Bob Staake is the author and illustrator of the new children's picture book The Book of Gold. His many other books for kids include Bluebird, The Red Lemon, and Look! A Book!. His work has appeared in a variety of publications, including The New Yorker and Time. He lives in Chatham, Massachusetts.
Q: How did you come up with the idea for The Book of Gold,
and for your main character, Isaac?
A: I wrote the first draft of the story over 12 years ago,
but it was quite different. My thought was that Isaac would find the legendary
book, it would turn to solid gold, and then in old age he would give it to the
New York Public Library to save it from a budget crisis.
Eventually I agreed that this angle was a bit far-fetched,
and while it worked as a story, I wanted to come up with something more poetic,
ironic and “full circle.” By the time you get to the end of the story you
realize that a whole new story is about to begin. Isaac Gutenberg is just an
ordinary boy, but his last name is a nod to the Gutenberg Press.
Q: What do you hope young readers take away from the story?
A: That taking the quest is almost always more important
than arriving at the final destination. I also hope that young readers discover
in the story how our lives are shaped by the seemingly random people who we
meet and the odd events that transpire while we move through this world.
Q: Did you work on the text and the illustrations
simultaneously, or focus on one of them first?

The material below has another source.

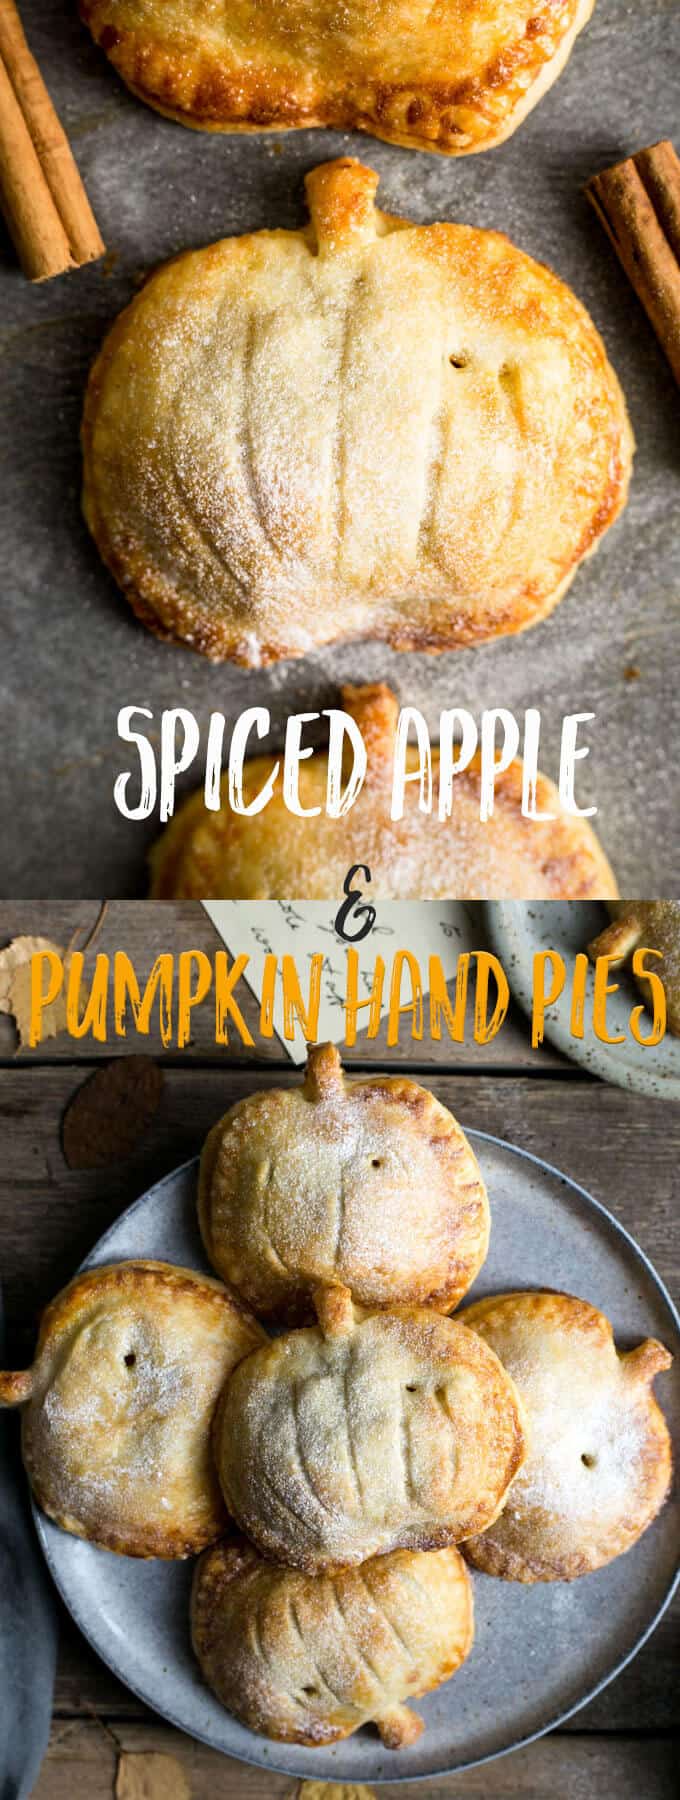 Spiced apple and pumpkin hand pies recipe #vegan #pie | via @annabanana.co

A: When I sit down to write a children’s book I need to at
least see the cover in my mind. As I progress with the writing of the story I
will often do a few little doodles just to make sure that the accompanying
imagery will be compelling enough.
If those drawings bore me, then I know they’ll bore kids. I
abandon many book projects because I just don’t think the symbiotic connection
between the words and the pictures will be all that interesting. However, with
The Book of Gold I could see strong imagery in my mind with every paragraph I
wrote.
Once the final story is completed, it’s then necessary to pull
it all together with pictures that are intended to make a child’s imagination
soar.
Q: What are some of your favorite books that you’ve created?
A: I like The Red Lemon because it has a very important
message about “don’t judge a book by its cover.” I am happy with Bluebird for
being able to express a certain depth of emotion minus any words at all.
On a completely different level I’m proud of Look! A Book!
and Look! Another Book! because they were technically extremely difficult to
create and all the text, art and die cuts had to work independently and three different
ways. I look at the dummies for those two books and I have no idea how I pulled
them off.
Q: What are you working on now?
A: A Seuss Beginner Book for Random House called Can You See
Me?, a two book story for HarperCollins, and a middle reader series that I hope
to place titled The Lost Children of Rumor.